HW 17 - First Thoughts On the Illness & Dying Unit.

    Personally I have a very unhappy relationship with the topic of Illness & Dying but I do not wish to unravel that mesh of stories right now. Although I'm willing to discuss what I have been taught since my youth about Illness & Dying. I've been taught that Illness is a bad thing and it must be treated very seriously especially in my family. Whenever anyone gets sick even the slightest bit we all do our best to help that person get better as soon as possible. Attention, care, time, and any amount of money required will automatically be found and used to assist that member in my family to get better whenever they are ill. Thats just the way I grew up and it will never change, at least I think so. As for Dying it's a touchy topic for my family. Like any other family in America whenever anyone dies in our family there's an immediate funeral and celebration of their life to and a last chance to honor their life and create remembrance.
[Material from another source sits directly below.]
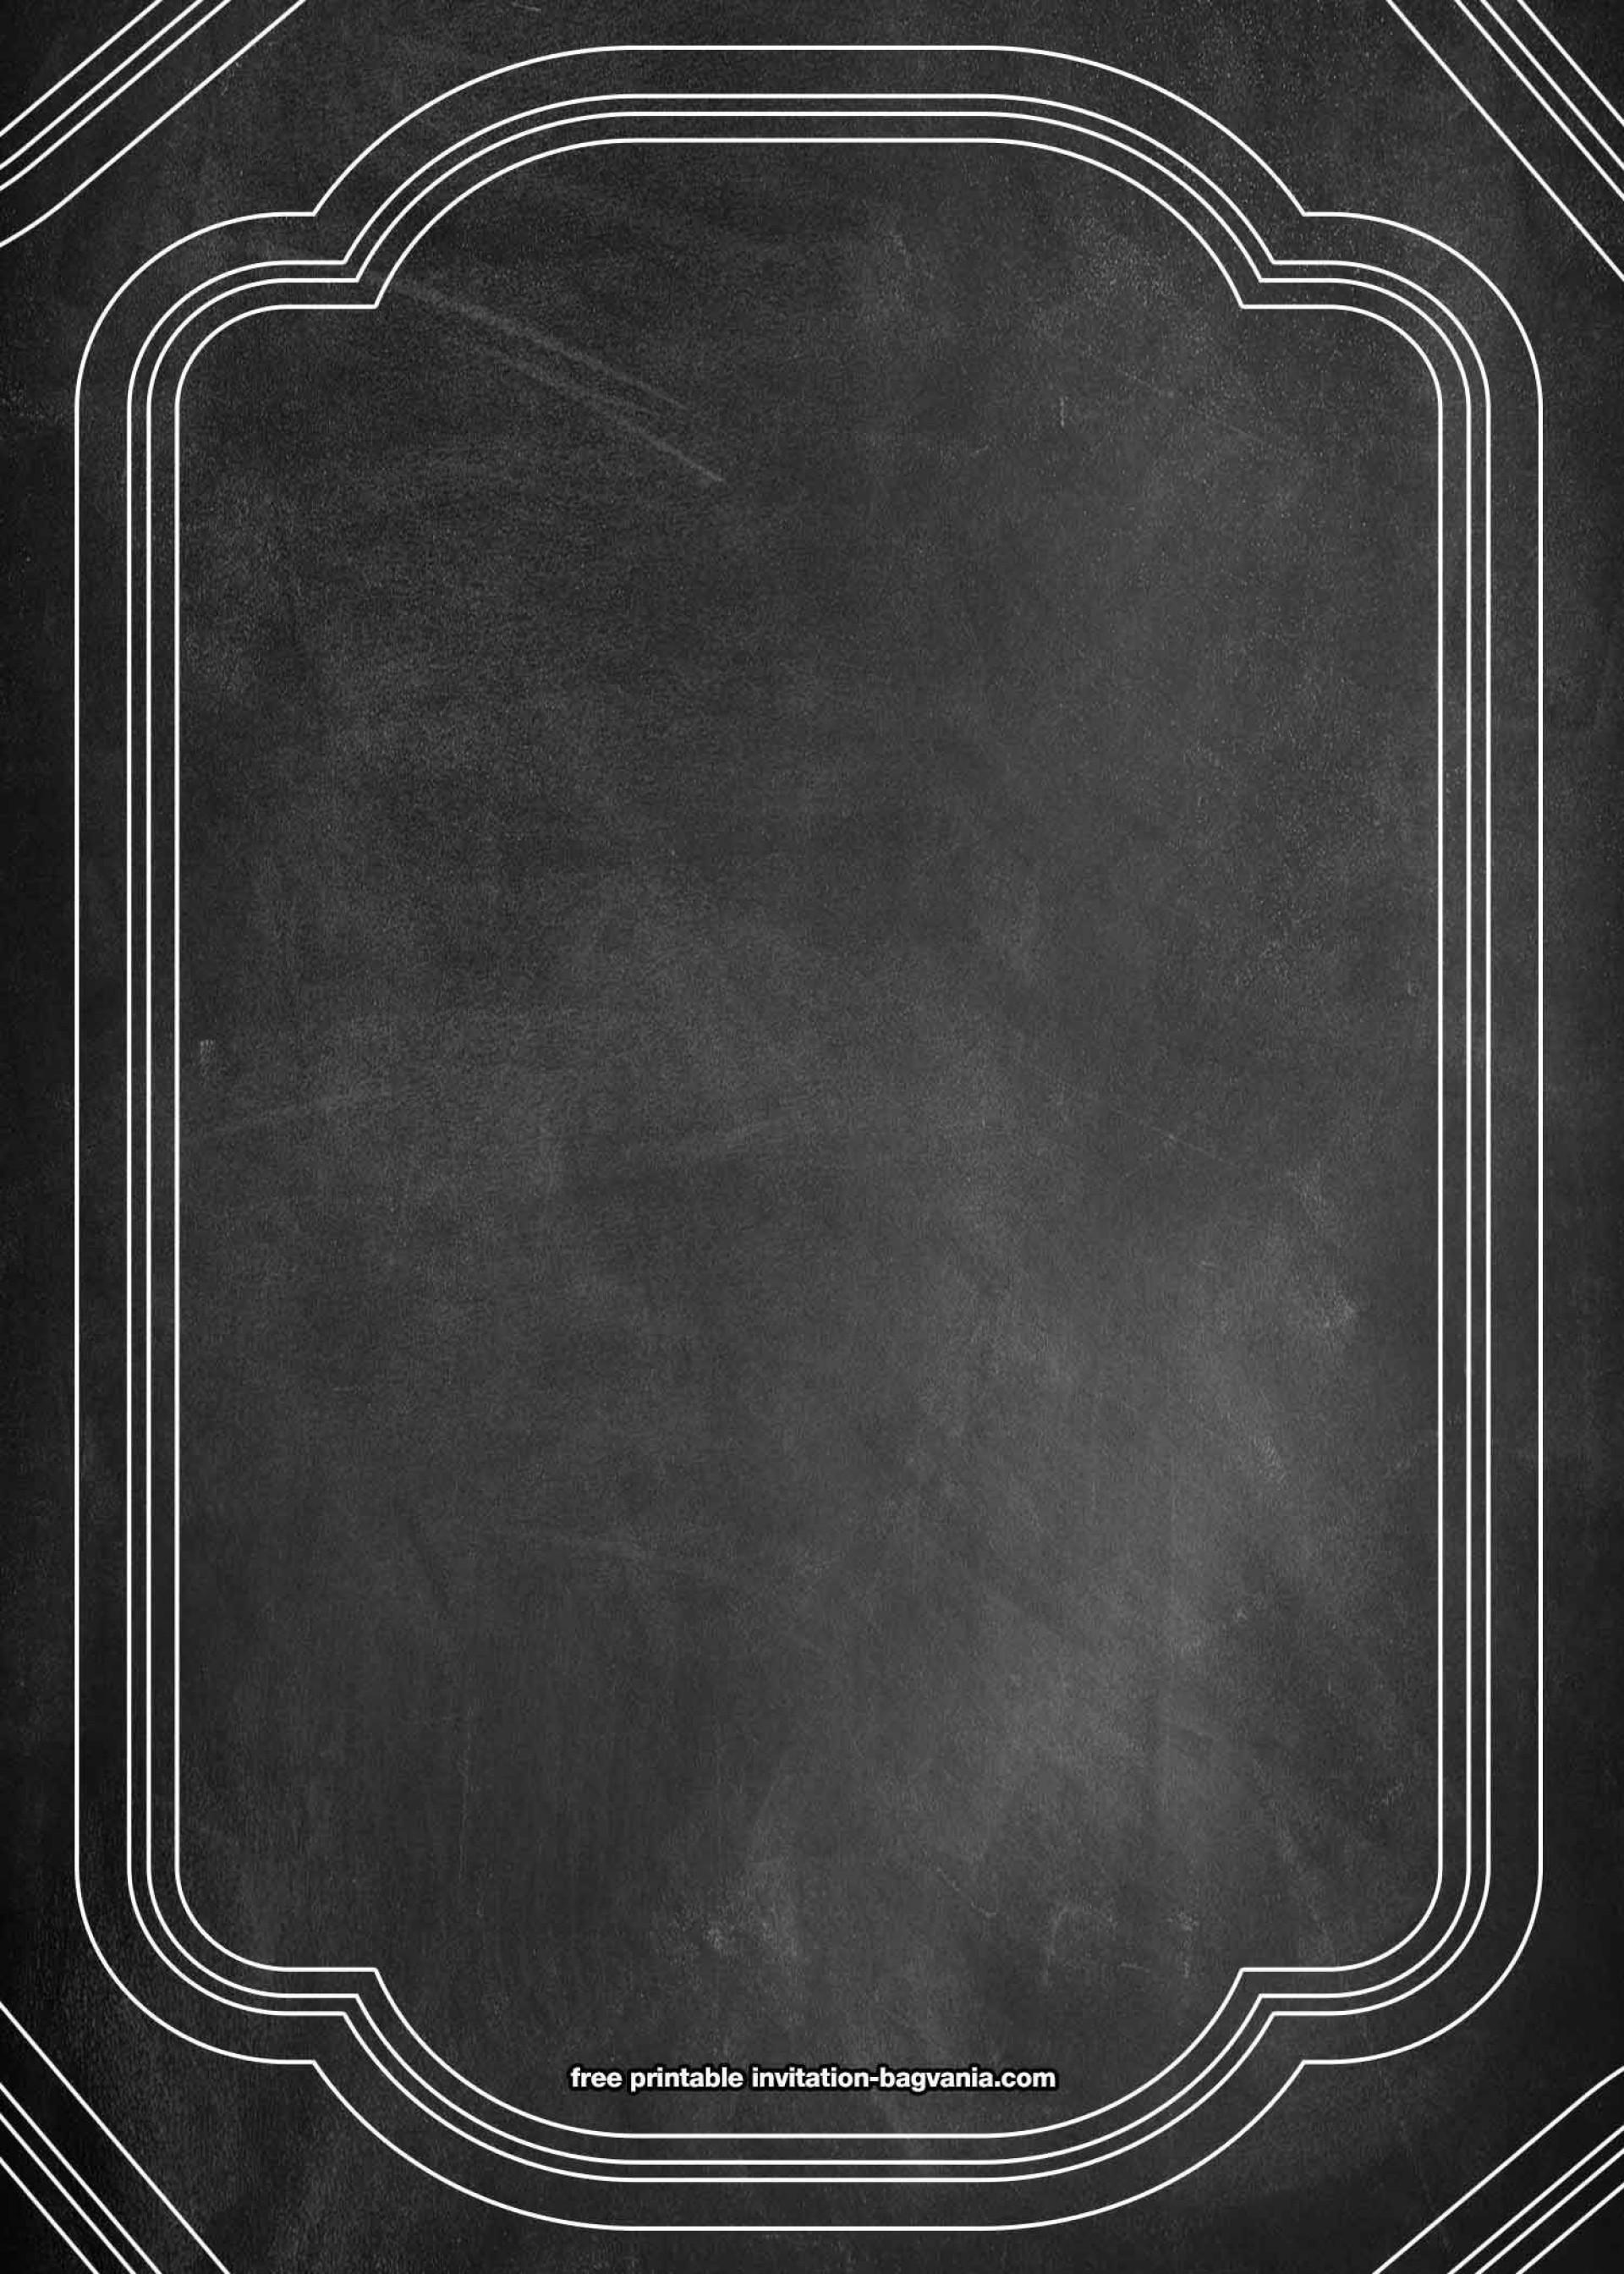 001 Stirring Chalkboard Invitation Template Free Idea  Download Wedding Editable1920

    I believe the social norms of Illnesses & Dying are as follows; you get ill we try to make you better, if you die we bury you and have a funeral to honor and remember you; to me the social norms are as simple as that. My own family's approach to these aspects in life is that they take them in and try to make them better by attempting to take better care of each other and trying to further celebrate our lost loved ones through funerals and wakes. As for some unusual perspectives I have about being sick and/or dying are that the actual action of dying is unusual to me. Think about dying period, people die every day but can you really understand it? A life, someone's life just up and ending, can you imagine it, could you endure it? How can people live with the fact everyday that any of us could die at any moment? This is what I find unusual, how death is constantly at our door step and we just accept it in life and attempt to live on like everything is going to be fine. But eventually until that fateful judgment day it won't be. The abrupt act of death is a roll of the dice to me that I believe nobody wants to drop.